YOUR TASK: Leaving the pictures aside, repeat each line below exactly.

SUPPLIED MATERIAL:
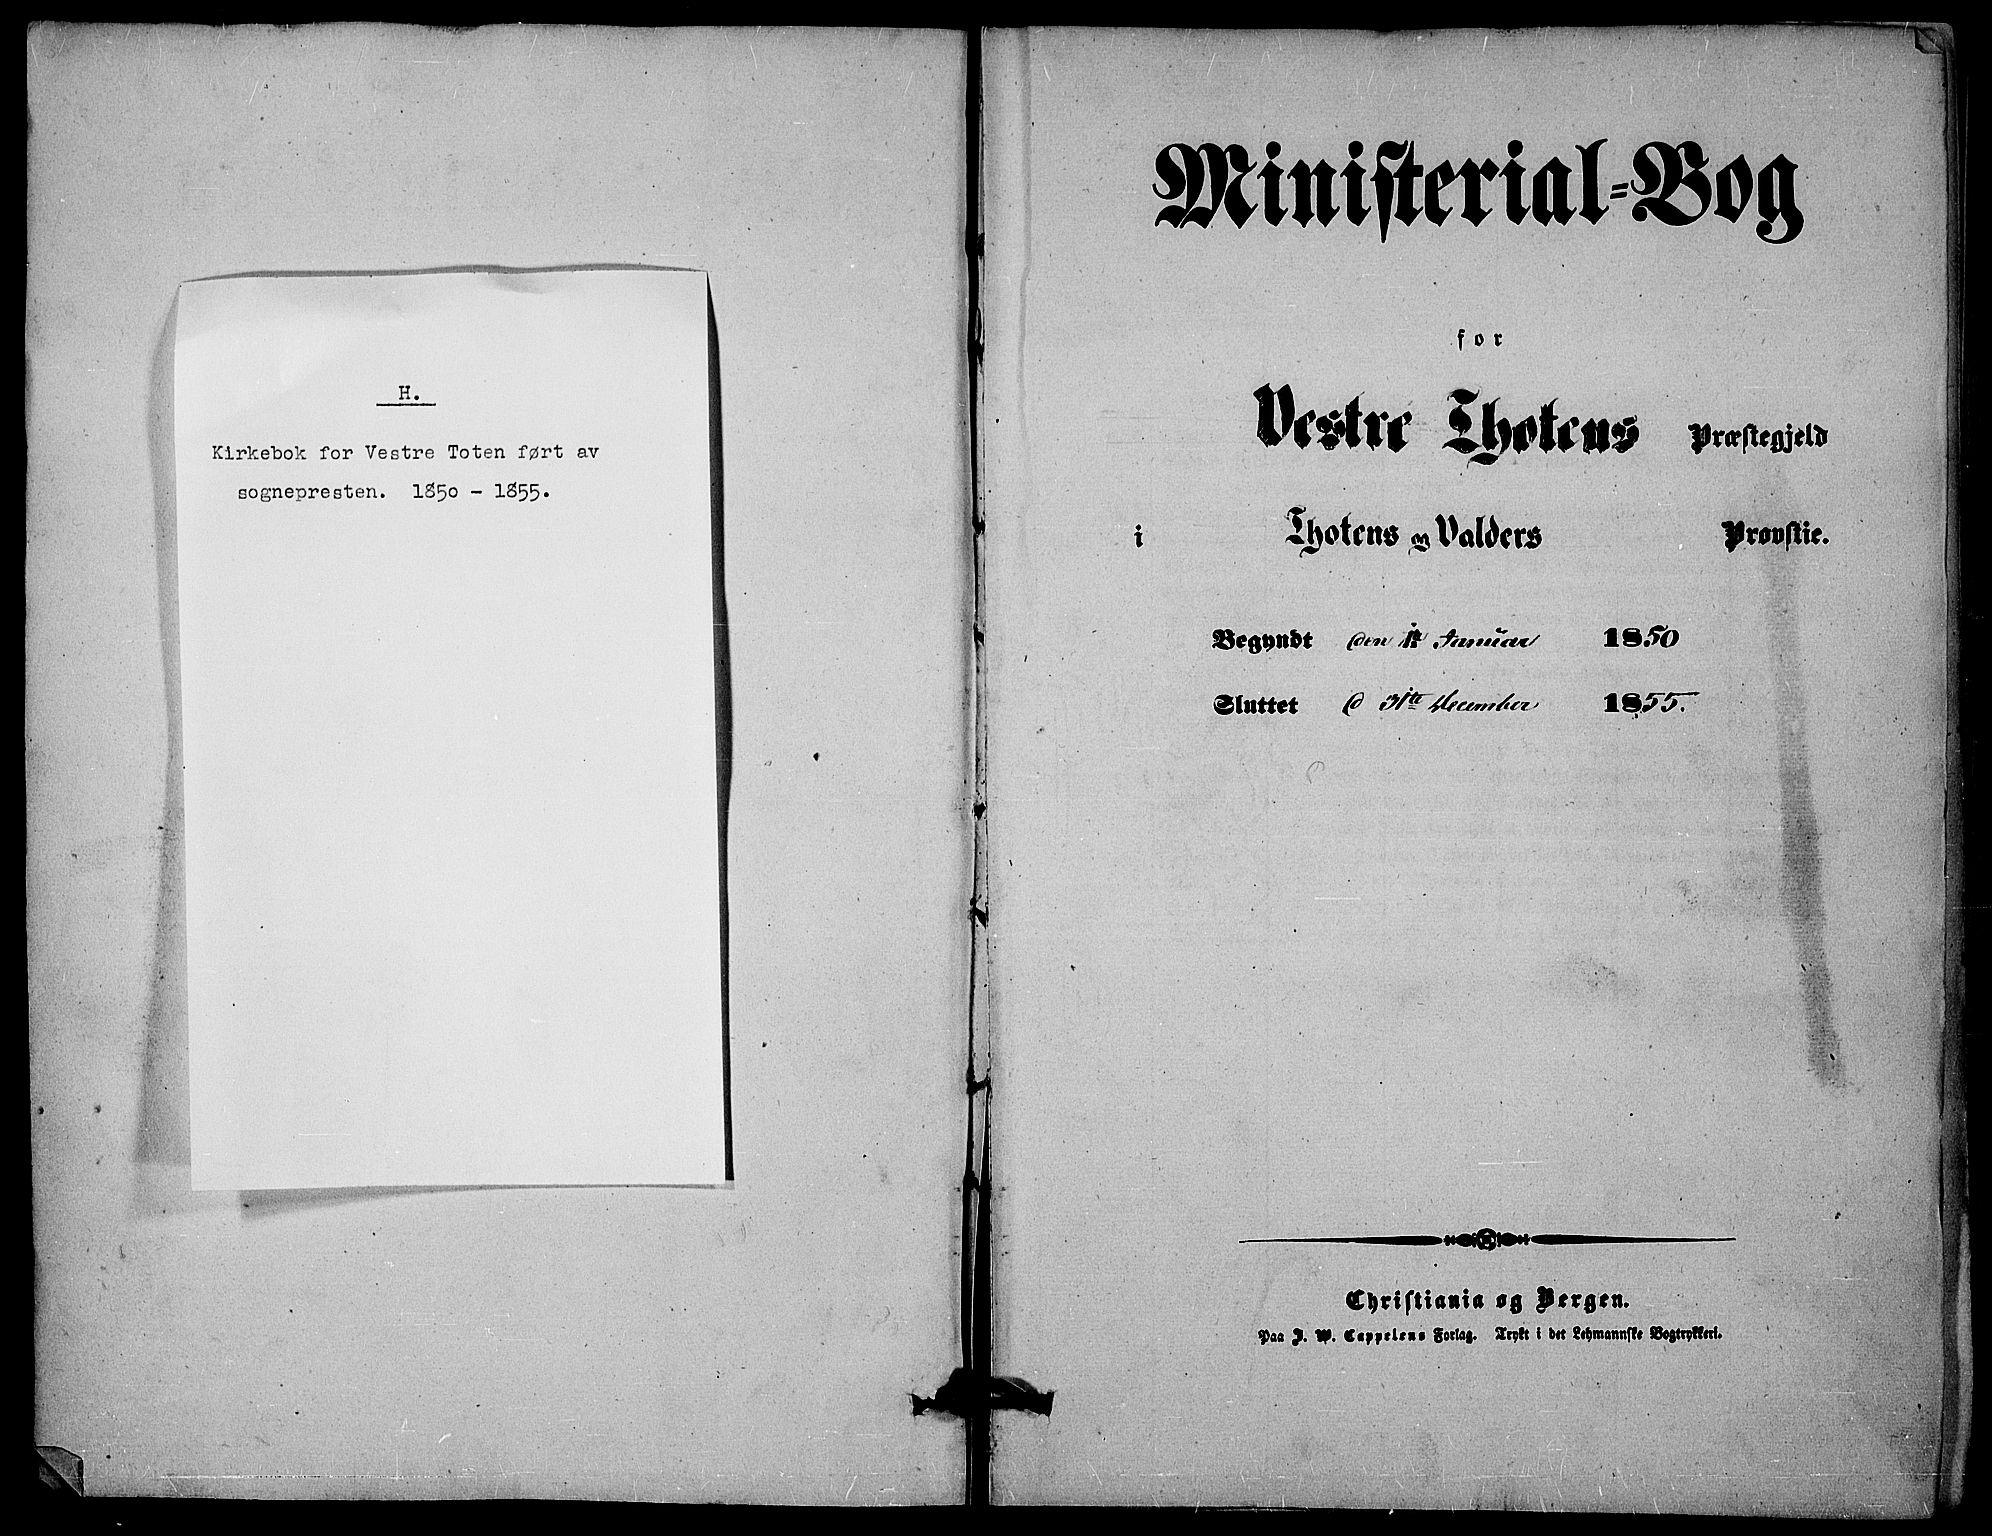 SAH, Vestre Toten prestekontor, Ministerialbok nr. 5, 1850-1855
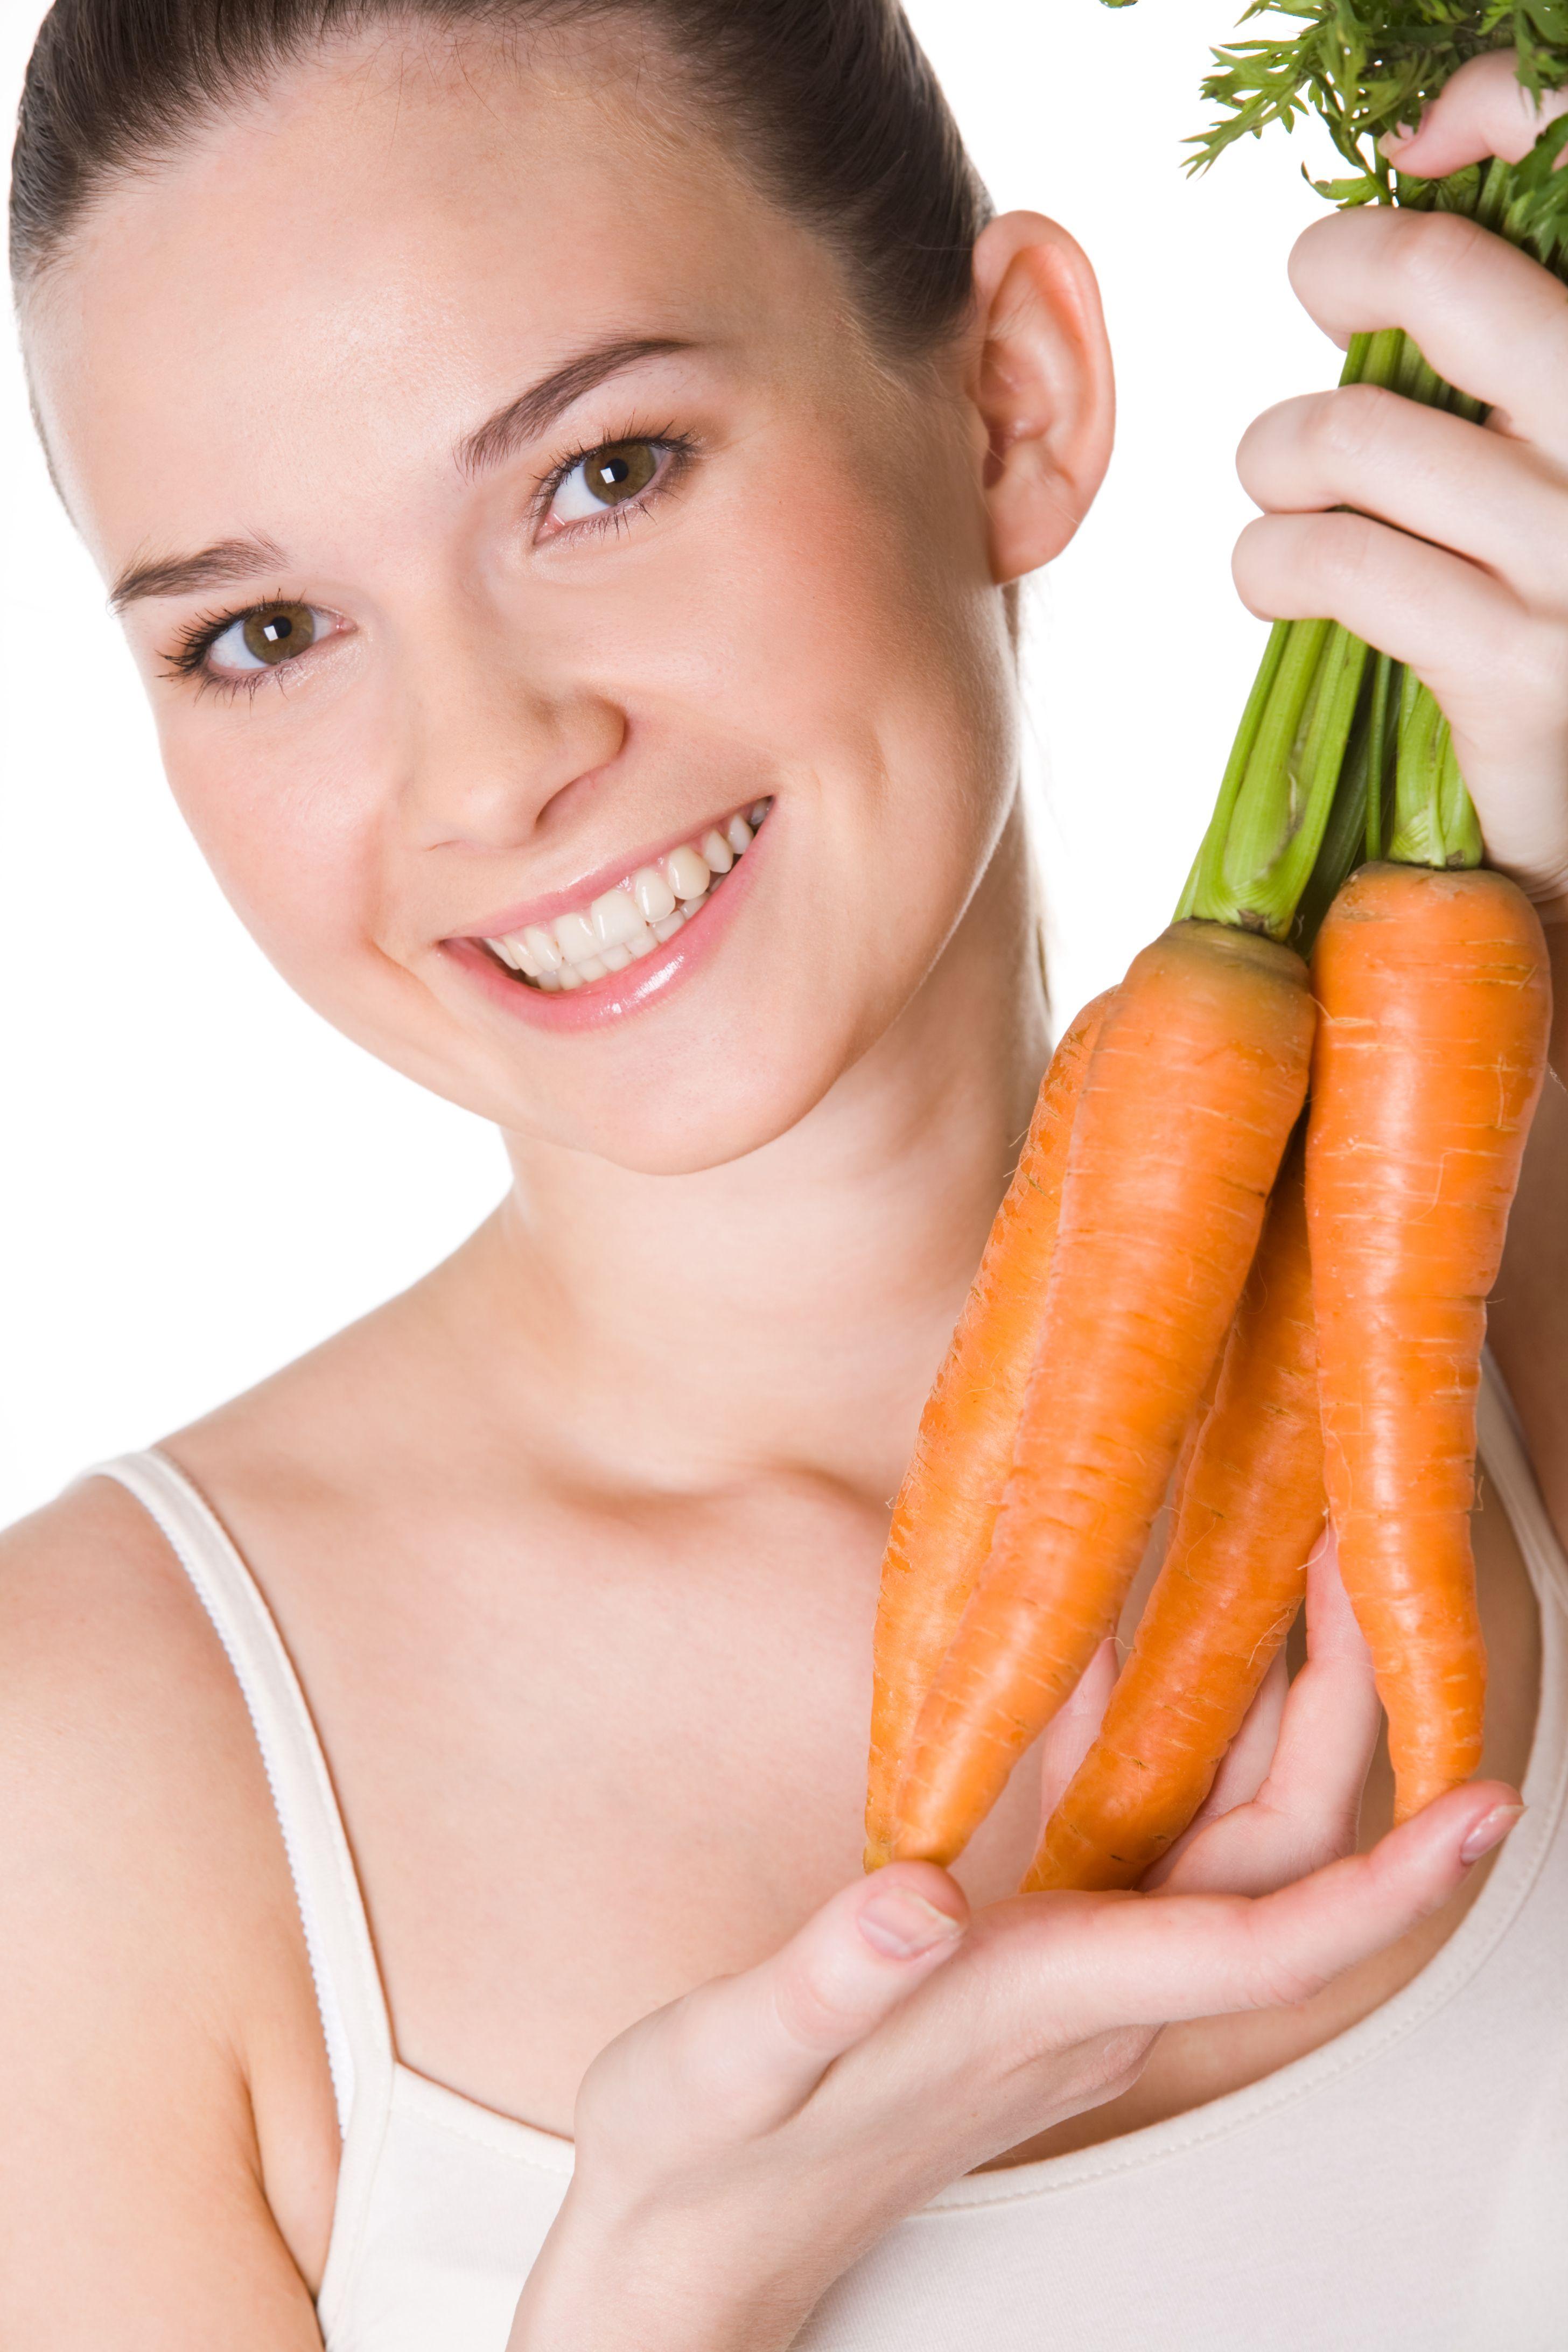 Benefits of carrots facial use
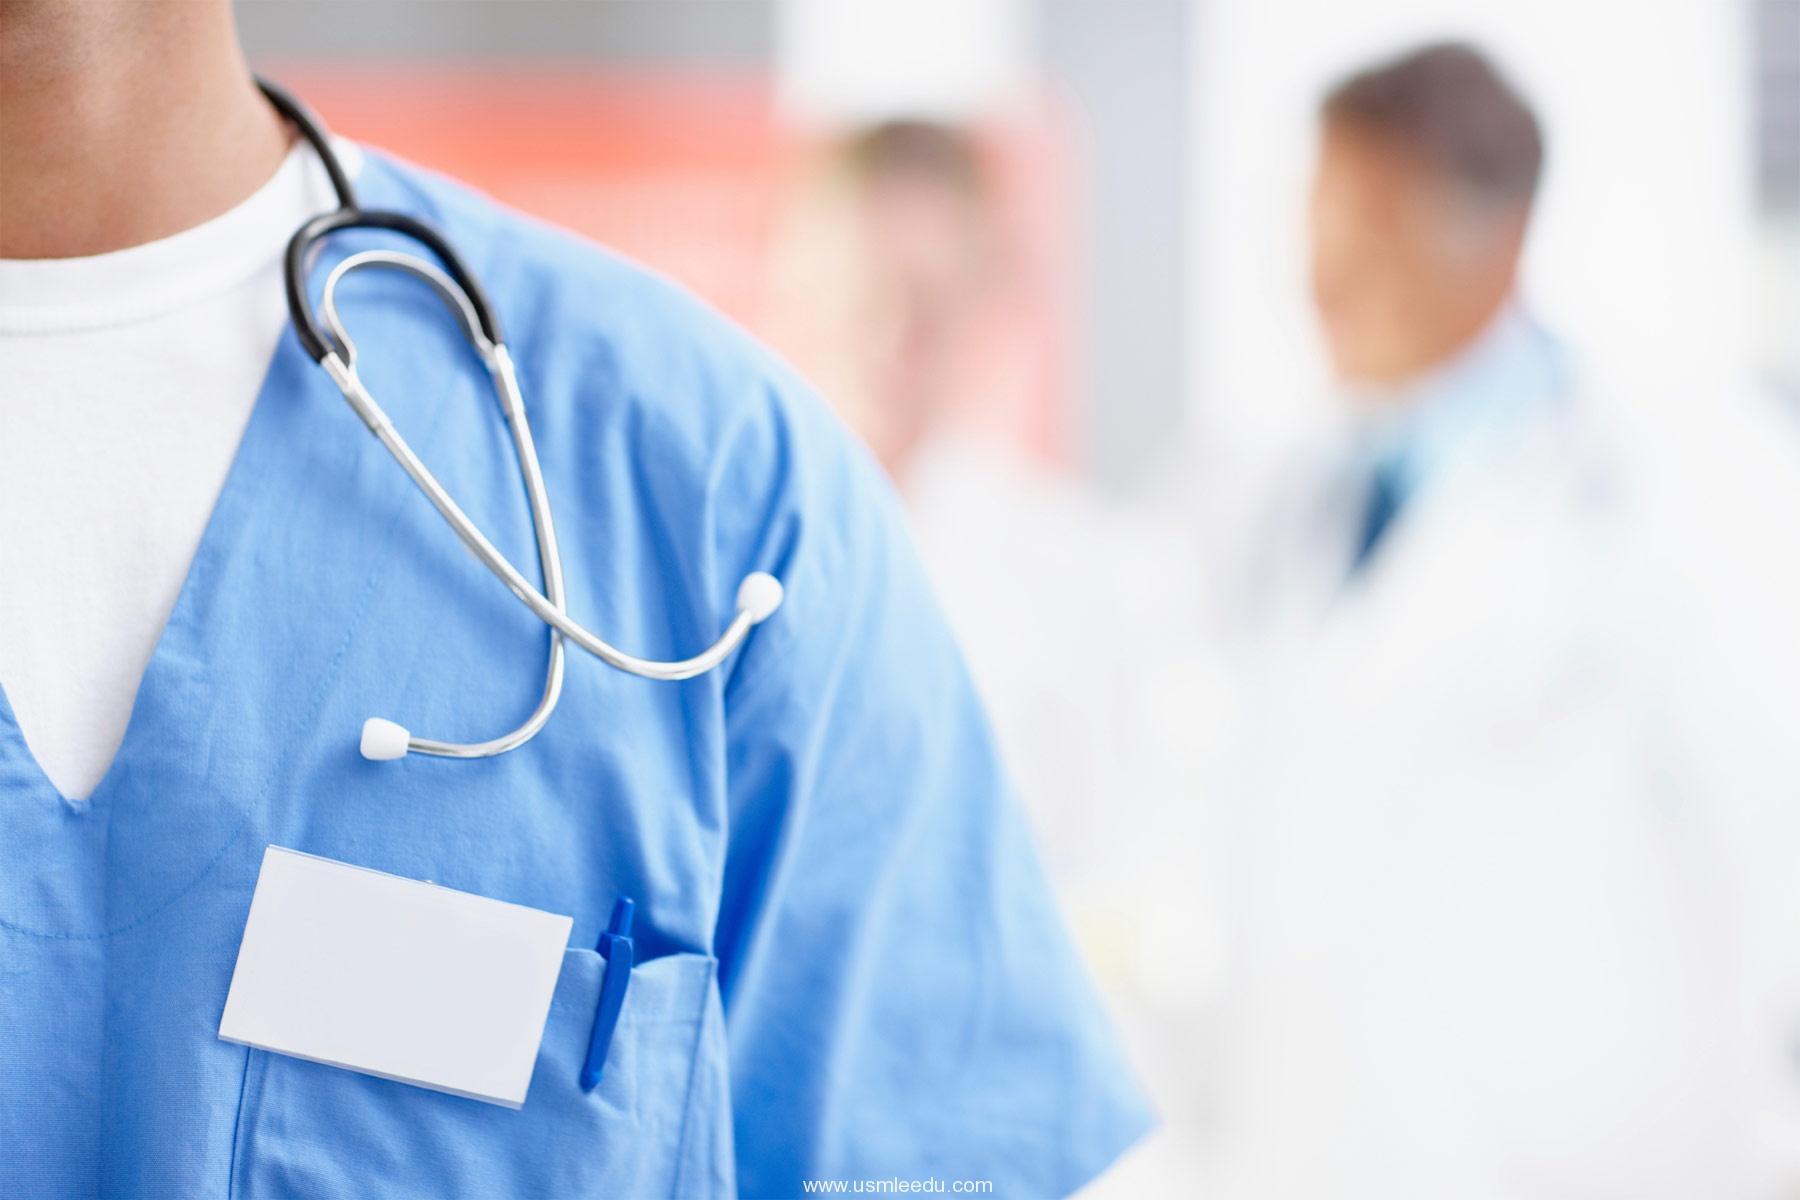 USMLE和住院医师培训项目都是医学质量的保证

SOLUTION TO THIS PROBLEM:
 SAH, Vestre Toten prestekontor, Ministerialbok nr. 5, 1850-1855
 Benefits of carrots facial use
 USMLE和住院医师培训项目都是医学质量的保证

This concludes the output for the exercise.